John Prine – In Spite Of Ourselves

JOh NPrine’s gentle recline into senescence continues with this collection of old, twangy duets. Listen up for all the excitement of sitting on the porch with an old man having some lady friends over to sing some country songs. Old-timey ones too, nothing like the country songs that people like John Prine used to play. But if gentle, happy songs about the Grand Ol’ Opry and marriage and cheatin’ lovers.

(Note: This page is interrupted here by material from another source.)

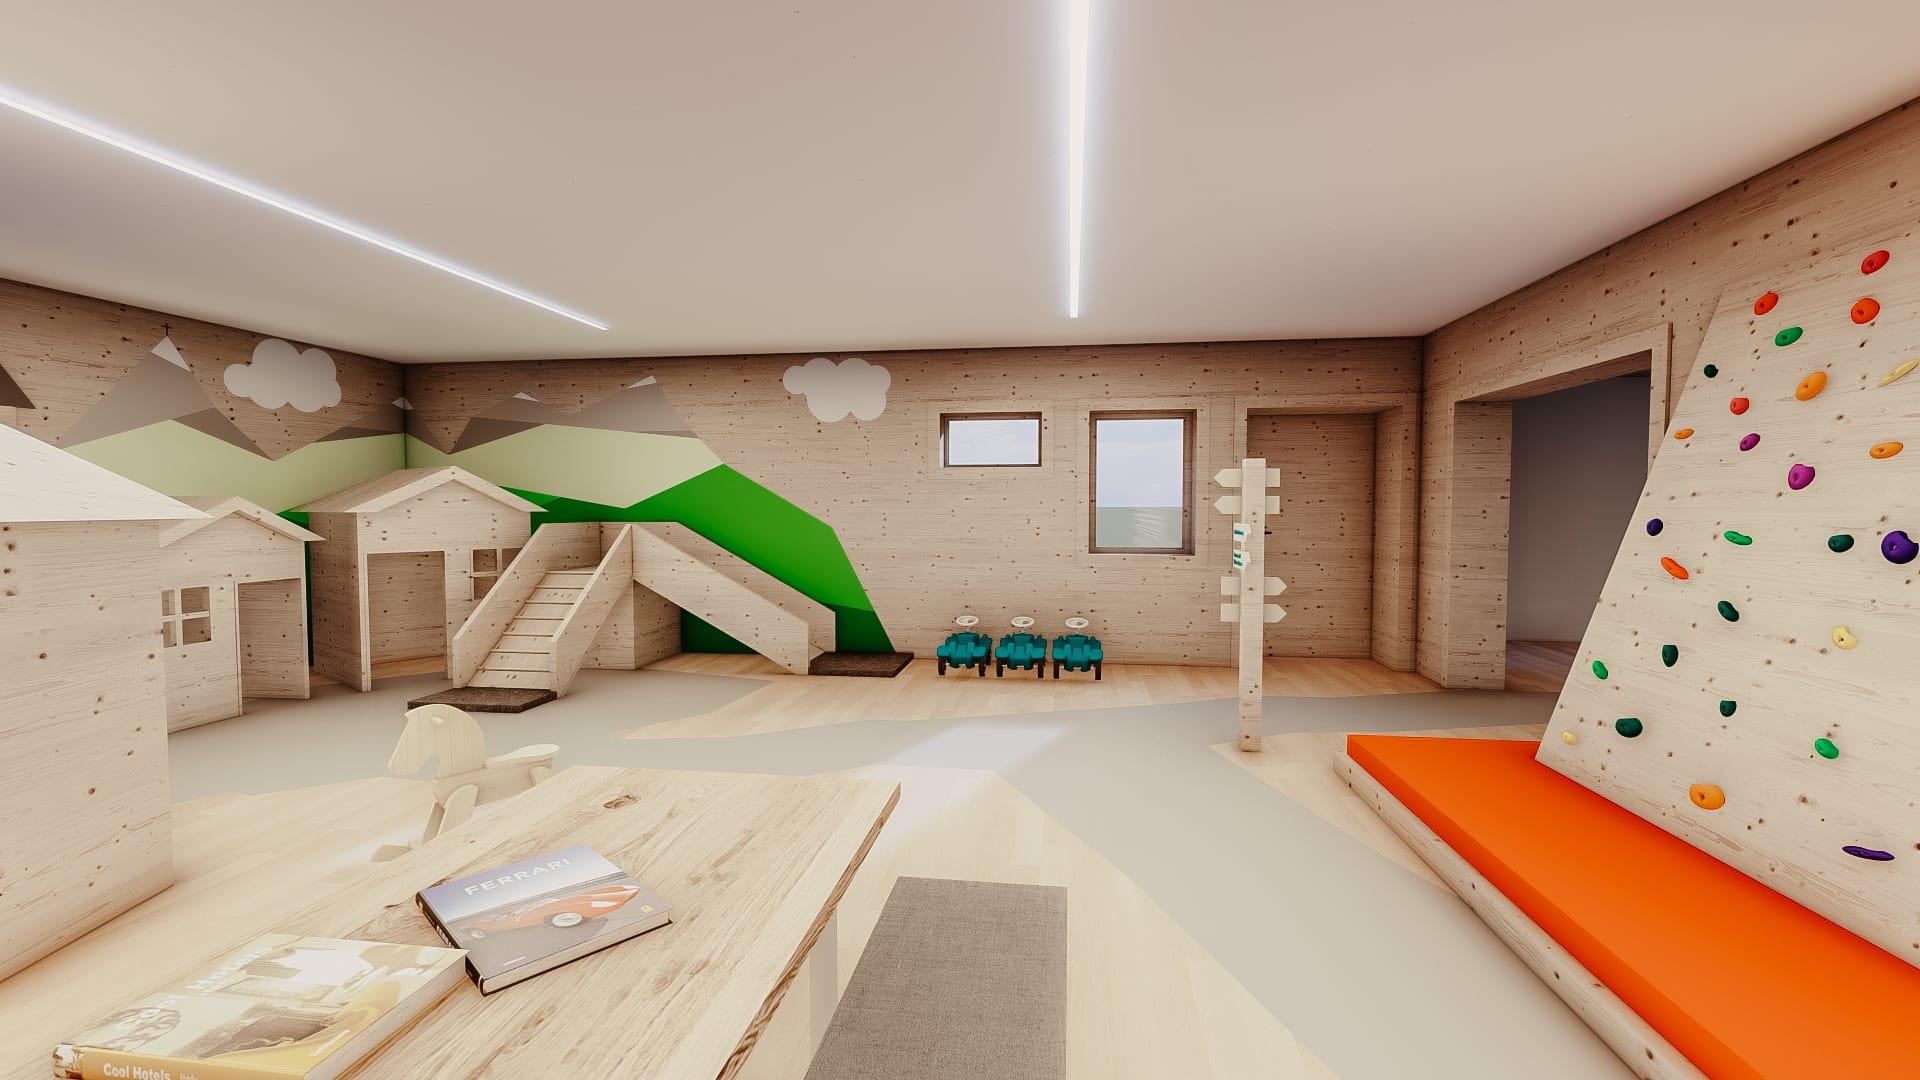 08-hofgut-apartment-lifestyle-resort-wagrain-salzburg-hofgut-kinderspielbereich.jpg

They’re also all covers, with one exception, and there’s fifteen of them, so it’s one long, sunny afternoon drinking iced tea with those old people. Since they’re covers, there’s no clever Prine lyrics, or clever anything. Boy! It’s hot out here! Ah, the dust, look at it dance in the wind. Don’t stare at the sun too long, it can blind you, just like masturbation. More iced tea? No, we don’t do no drinkin’ around here, not after my brother Brosius got all messed up on hooch a score ago. Now, there’s three kinds of women out there: the ones that love ya, the ones that leave ya, and the ones that cheat ya. The most important thing is to know how to tell them from a glance. Now, Lucinda Williams over here, she’s gone cheatin’ eyebrows. Ain’t that right, Lucinda? No? Hesh your cheatin’ mouth. Cheaters have their wiles, boy, but lovers, like Iris here, she may not hurt you but you still gotta….gotta… what am I saying? Go get your Uncle Prine some more bourbon. Brosius? What’s that? I said bourbon!

The million star exception is the title track, the only track written by Prine, and a strong contender for the best song ever written by my man Johnny, and one of the best songs ever written by anyone. It’s just a duet about a loving relationship, but it conjures all the best of Prine’s personality and sticks it in a chorus that walks the narrow isthmus between the bay of cloying and the sea of glibness. It’s, somehow, an anthem more for antagonistic relationships – “In spite of ourselves / We’ll end up sittin’ on a rainbow / Against all odds / Honey we’re the big door prize / We’re gonna spite our noses right off of our faces / There won’t be nothing but big ol’ hearts dancing in our eyes” – than for normal ones, and that’s what gives it both its edge and its sweetness. The music is simple and catchy and walks the same line, with the one great musical hook on the entire album. The song is so far beyond anything else on the album that one suspects that Prine wrote and recorded the rest of the album to make a bitter point about how he’s above all these old country songs. Worth enough plays to be my #2 played song ever on iTunes (Arcade Fire’s “Sprawl II (Mountains Beyond Mountains)” is #1), and I highly encourage any couples looking for a song that won’t make them sick to their stomachs to seek out this one.

This album is like listening to a greatest hits collection by a one-hit wonder. You wait for the one great song, then you play it again, and the rest is completely disposable. Except that ISOI wasn’t a hit, because fuck you, culture. Of course, if Prine was trying to prove that his taste in old country music is boring, then mission accomplished.